**What is needed**
Write out exactly, and only, the lines below from the line with "Flowering gorse with" through the line with "2x 20ft insulated"; pictures do not belong in the copy.

Start of Records for this exercise

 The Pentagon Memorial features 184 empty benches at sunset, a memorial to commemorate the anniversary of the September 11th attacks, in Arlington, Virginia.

End of Records for this exercise
Start of Records for this exercise

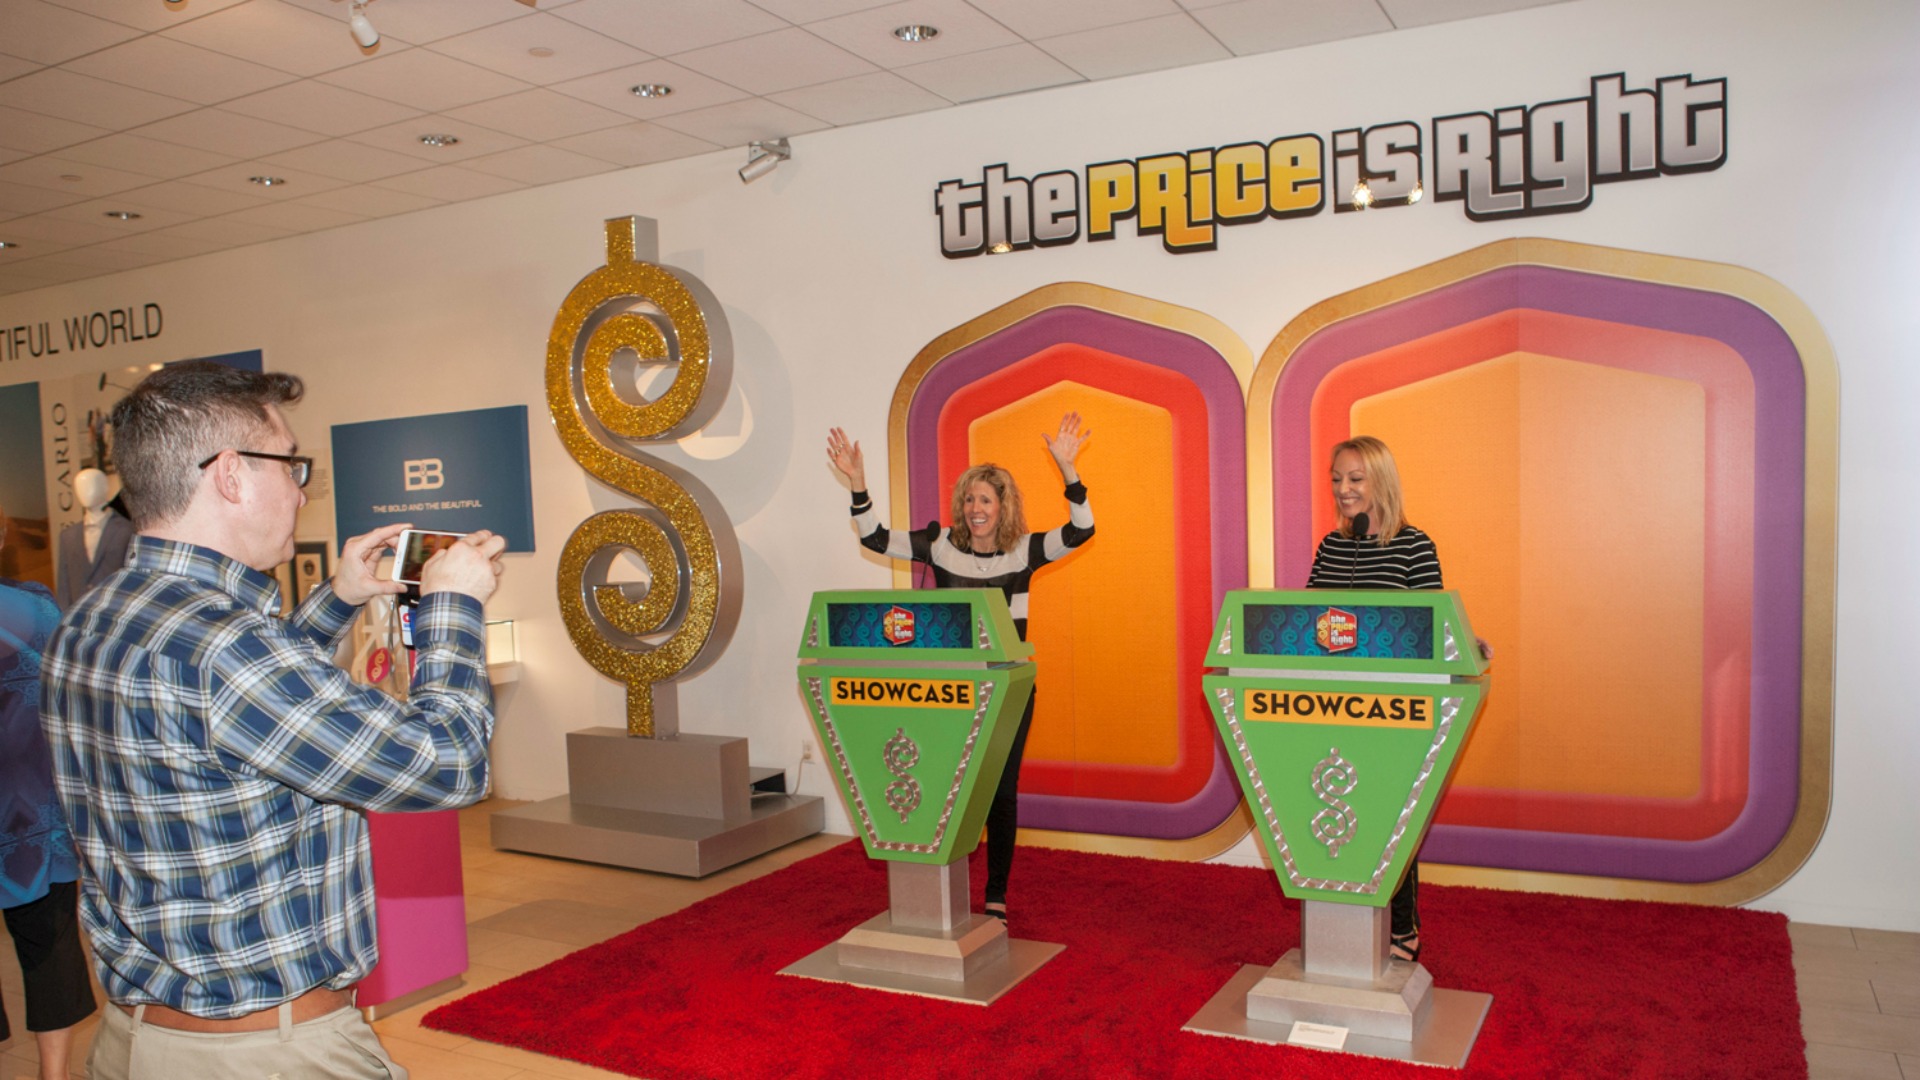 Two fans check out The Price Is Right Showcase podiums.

End of Records for this exercise
Start of Records for this exercise

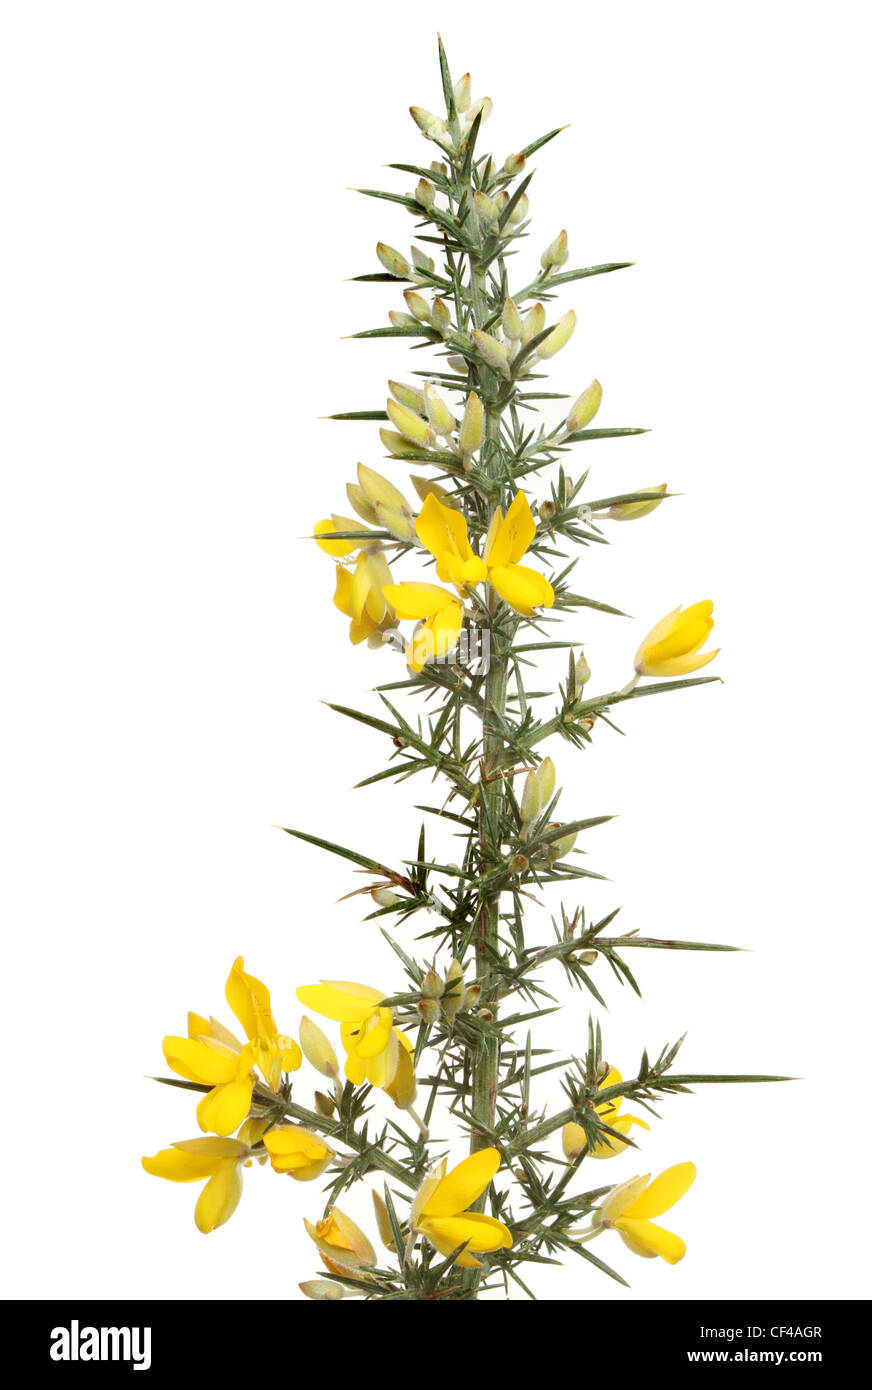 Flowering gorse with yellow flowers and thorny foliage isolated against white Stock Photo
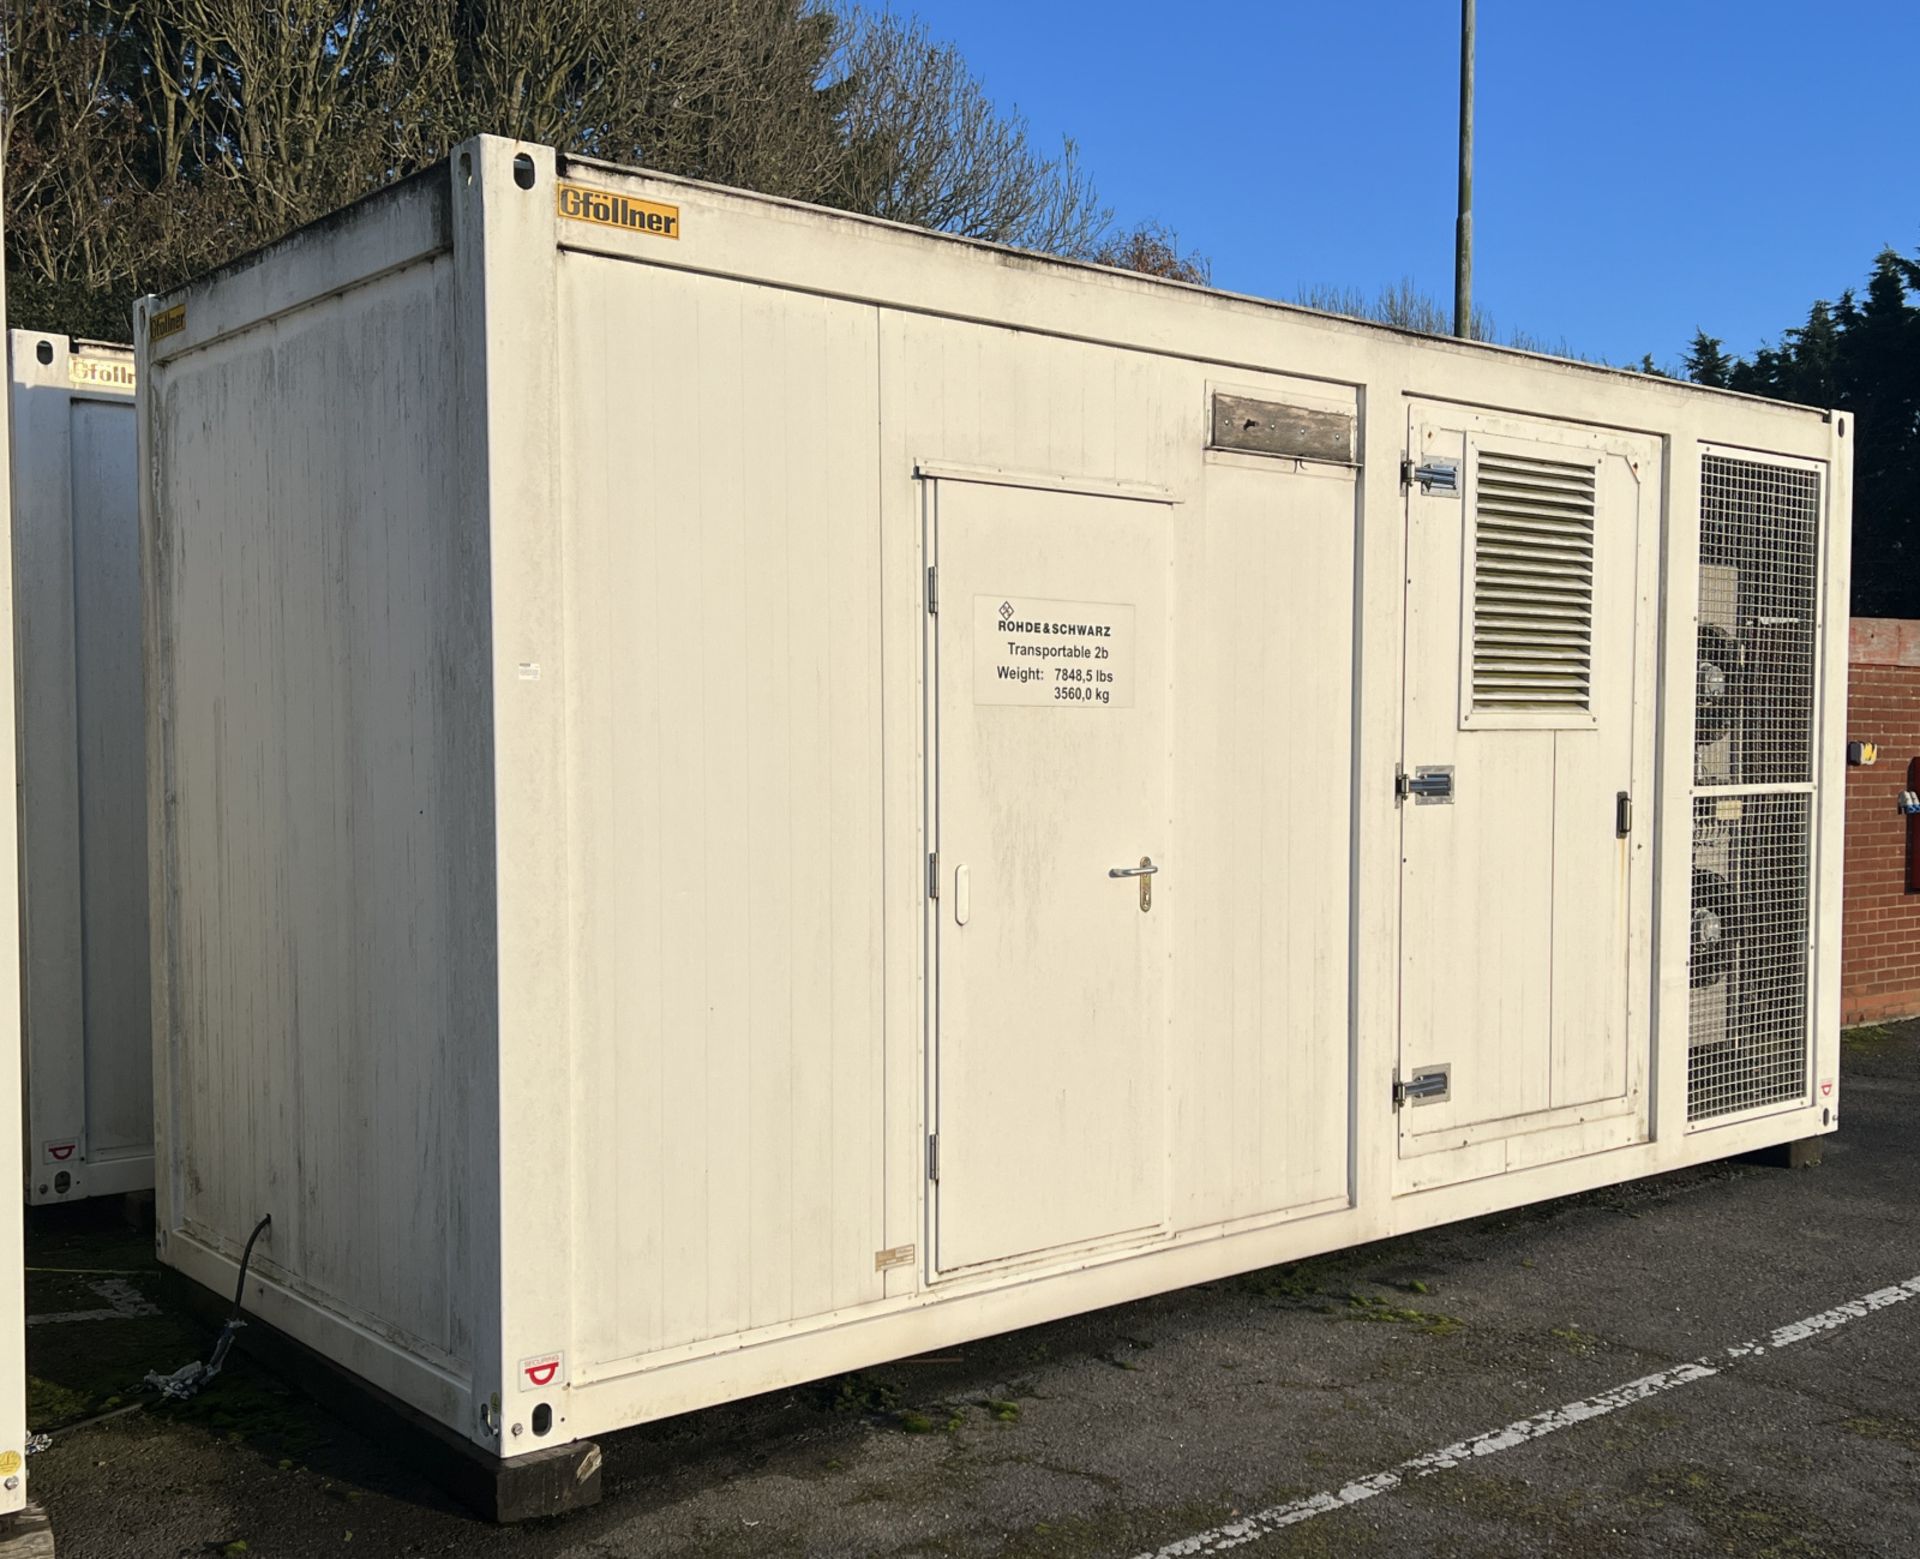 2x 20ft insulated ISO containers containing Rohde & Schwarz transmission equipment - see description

End of Records for this exercise

**Task response**
 Flowering gorse with yellow flowers and thorny foliage isolated against white Stock Photo
 2x 20ft insulated ISO containers containing Rohde & Schwarz transmission equipment - see description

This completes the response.